HTCondor Project List Archives



[Date Prev][Date Next][Thread Prev][Thread Next][Date Index][Thread Index]

[Condor-devel] ATTR_JOB_RUN_COUNT



Hello,

It turns out that when the schedd runs a job, it increments the 
ATTR_JOB_RUN_COUNT when adding the birthday record for a shadow.

I think there are two problems with the current implementation.

1) In the case of a disconnected starter/shadow, the job hadn't actually
died, but the starting of a new shadow increments the ATTR_JOB_RUN_COUNT
erroneously. You can see this behavior in schedd.C:add_shadow_birthdate().

2) If the shadow is started, but then the startd at the very last minute
refuses the jobh such that the shadow exits with JOB_NOT_STARTED (legal
behavior), then ATTR_JOB_RUN_COUNT is also incremented.
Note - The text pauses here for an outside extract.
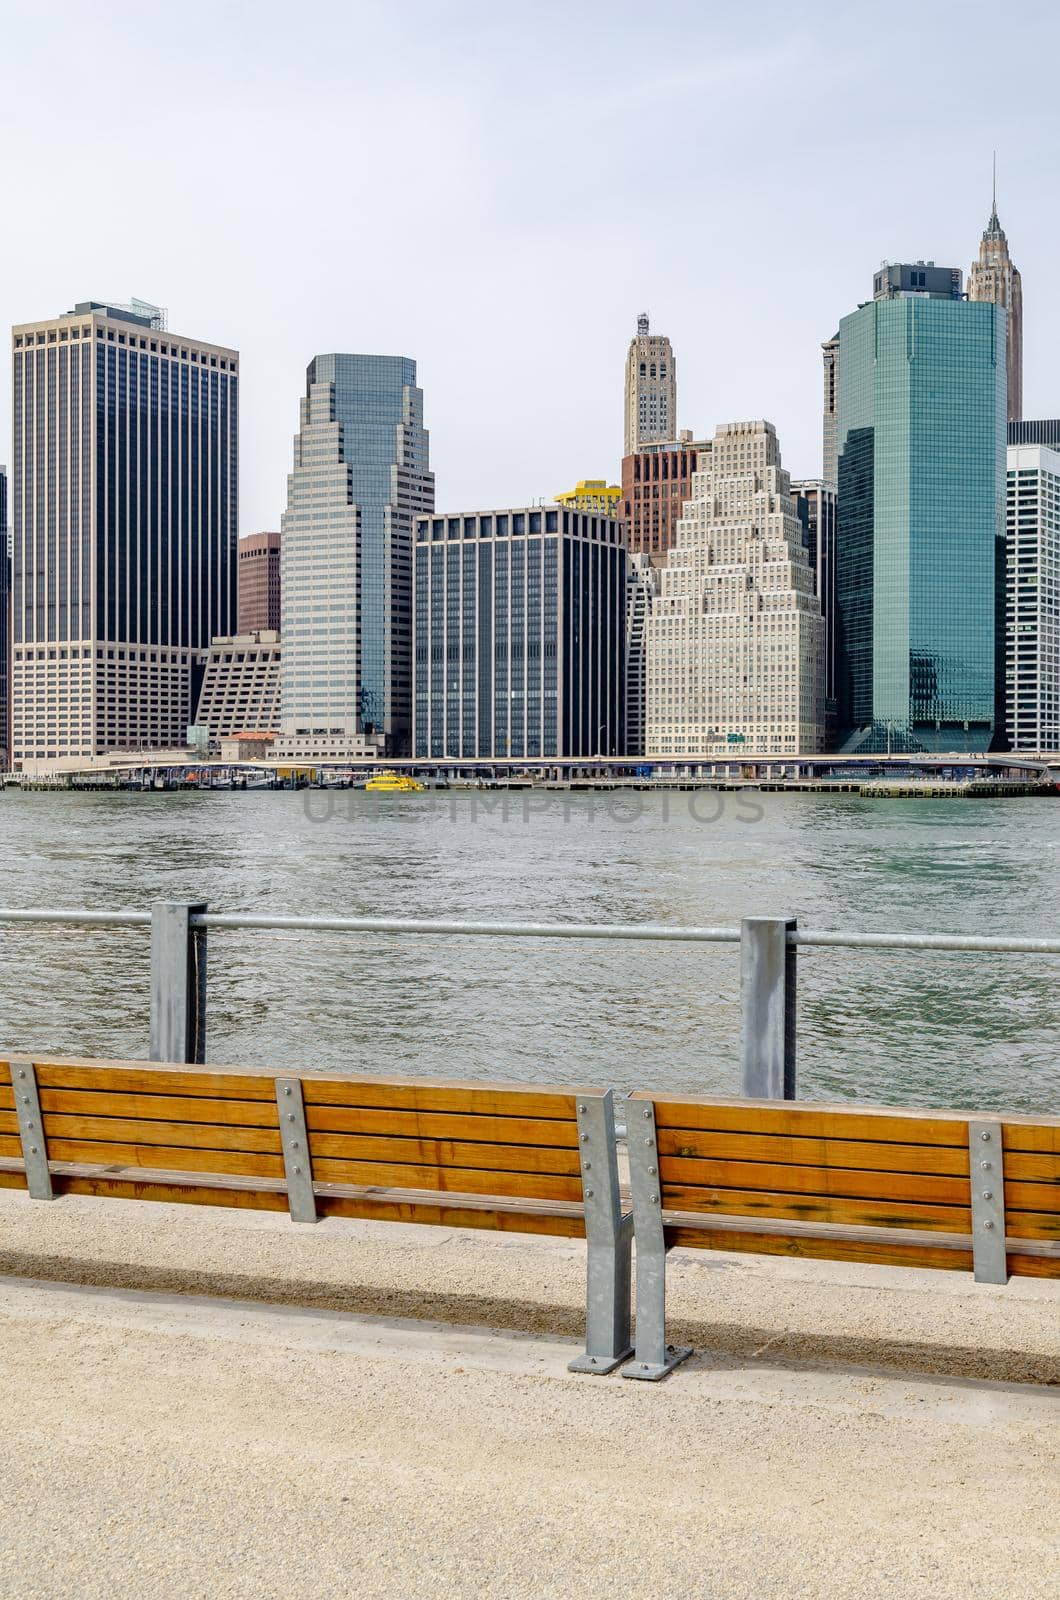 Skyline of Manhattan, New York City, view from waterfront in Brooklyn, wood benches standing in front of a fence at the river bank, vertical

So, it looks like ATTR_JOB_RUN_COUNT is really the count of the times the
shadow had been started on behalf of a job, and not the fact that the job
had entered its main().

This came up because someone had PeriodicRemove = JobRunCount > 1 in their
job policy and it was failing in cases where the job hadn't run at all
(2)--and they would get "submit/execute/abort due to PeriodicRemove"
in their user job logs without the jobs running since event (2) isn't
recorded in th euser log.  While inspecting the use of that call,
I noticed (1).

Is there anyway to say "Dont run the job more than once, but make sure the
job's main() was actually executed."?

Thank you.

-pete